[[ DATA FOR REVIEW open ]]
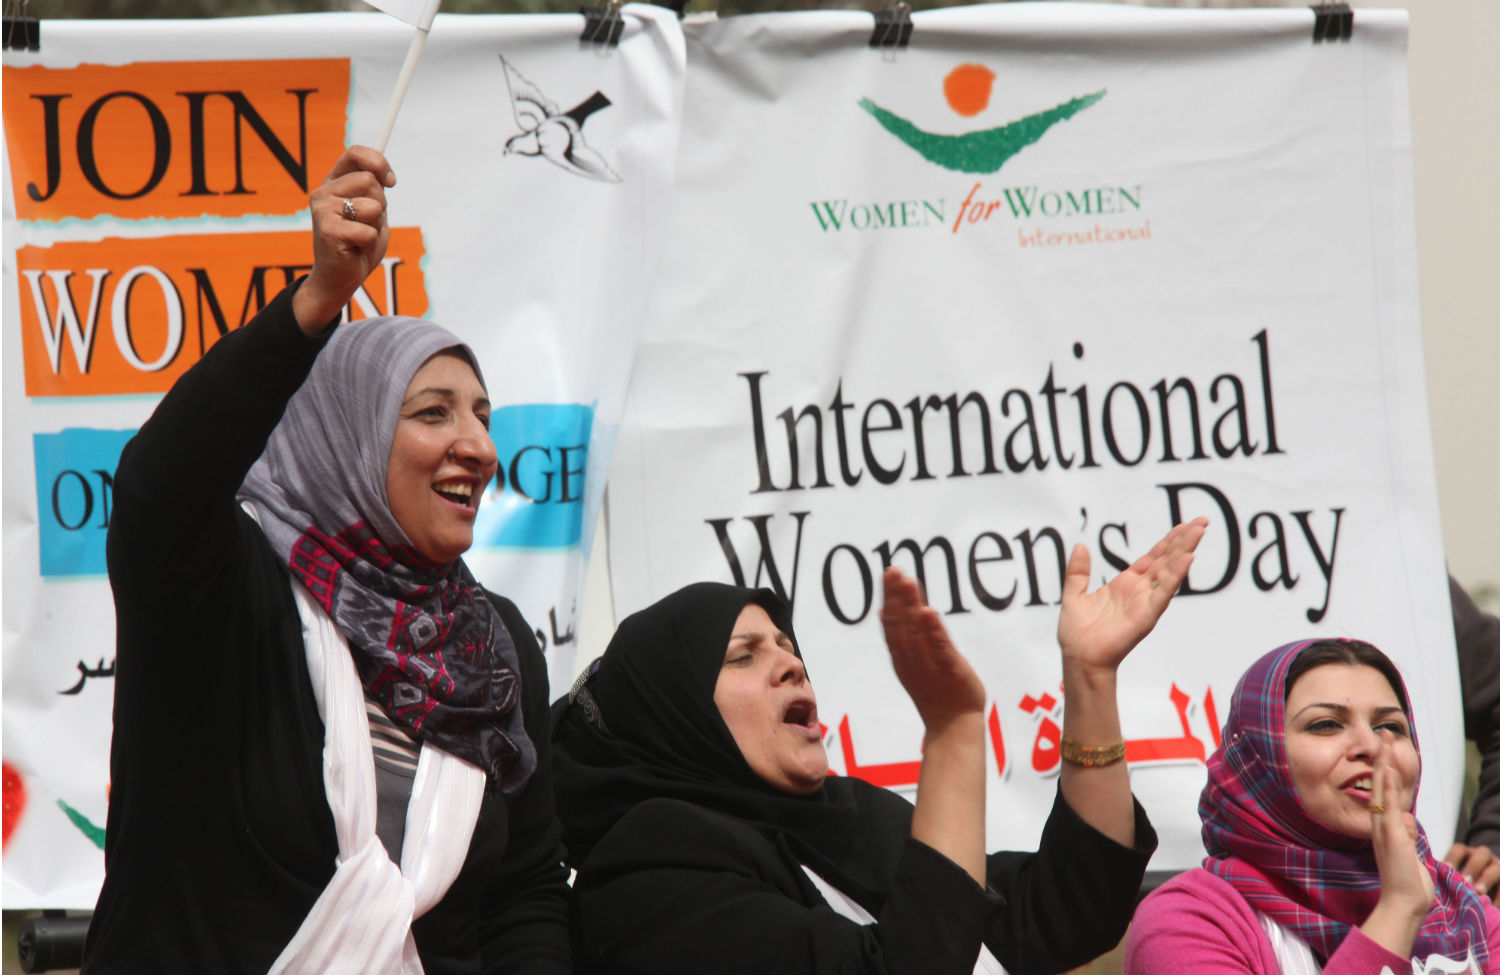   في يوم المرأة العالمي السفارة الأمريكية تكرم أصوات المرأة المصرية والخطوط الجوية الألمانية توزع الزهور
[[ DATA FOR REVIEW closed ]]
[[ DATA FOR REVIEW open ]]
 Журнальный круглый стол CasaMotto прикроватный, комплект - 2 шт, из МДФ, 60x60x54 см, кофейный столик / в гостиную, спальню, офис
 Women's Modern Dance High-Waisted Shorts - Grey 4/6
[[ DATA FOR REVIEW closed ]]
[[ DATA FOR REVIEW open ]]
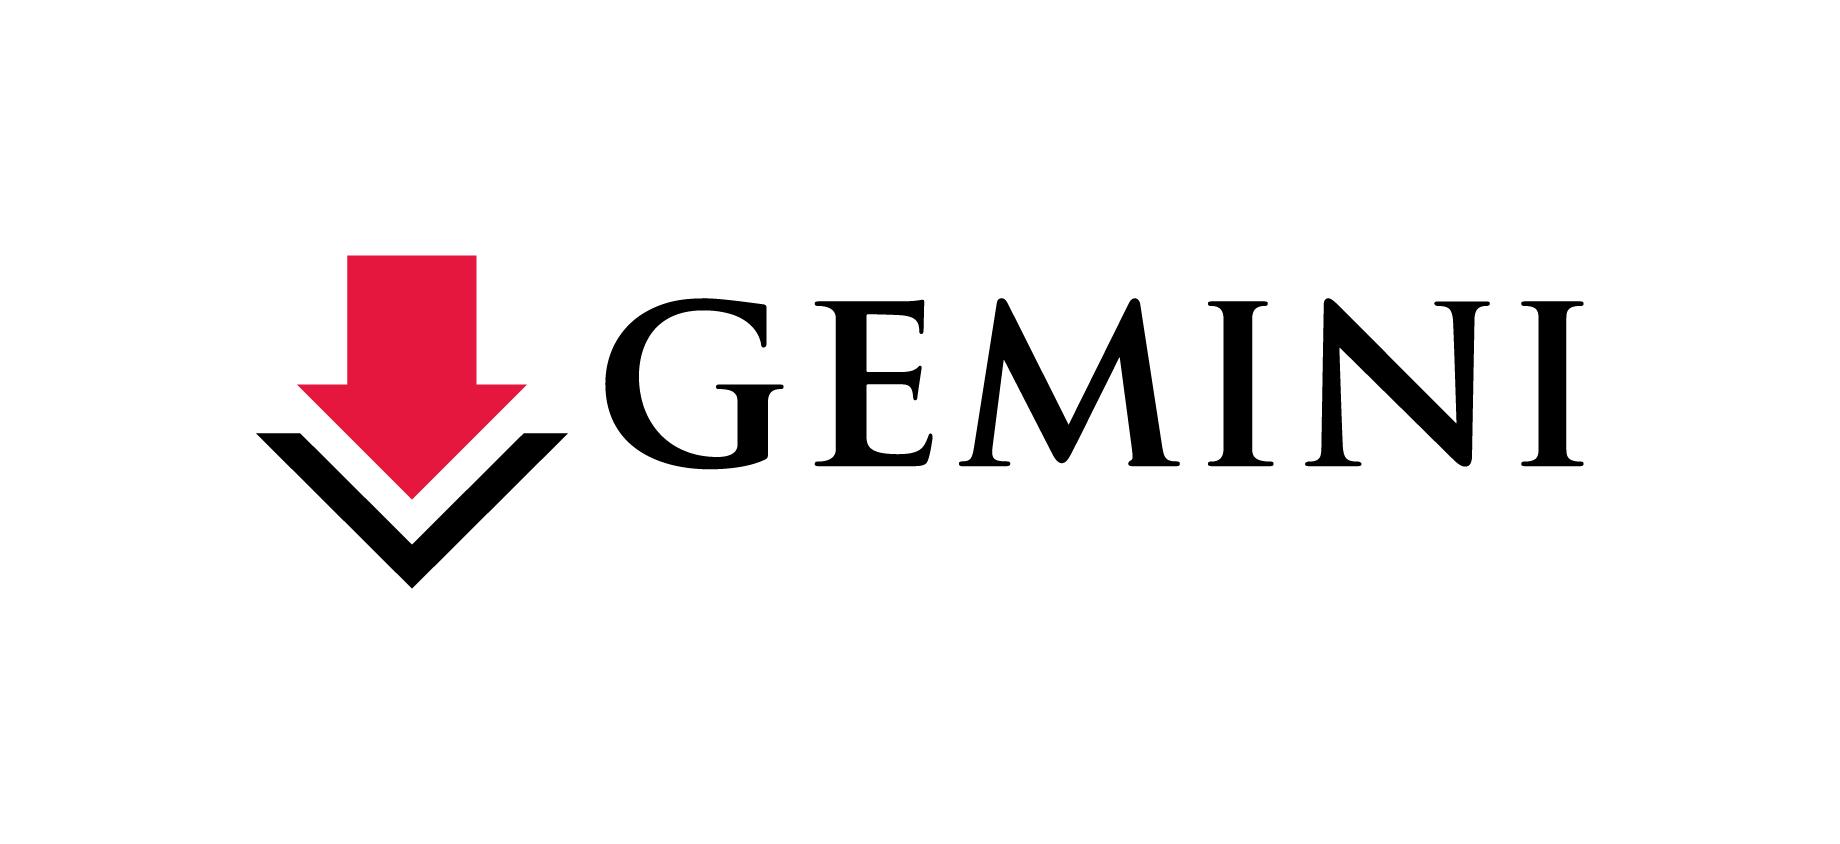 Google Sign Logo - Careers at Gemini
[[ DATA FOR REVIEW closed ]]
_WHAT YOU HAVE TO DO_. Everything above from the line containing "Журнальный круглый стол" down to the line containing "Women's Modern Dance" is to be transcribed exactly, with both of those lines included and nothing else added.

_OUTPUT OF THE TASK_.
 Журнальный круглый стол CasaMotto прикроватный, комплект - 2 шт, из МДФ, 60x60x54 см, кофейный столик / в гостиную, спальню, офис
 Women's Modern Dance High-Waisted Shorts - Grey 4/6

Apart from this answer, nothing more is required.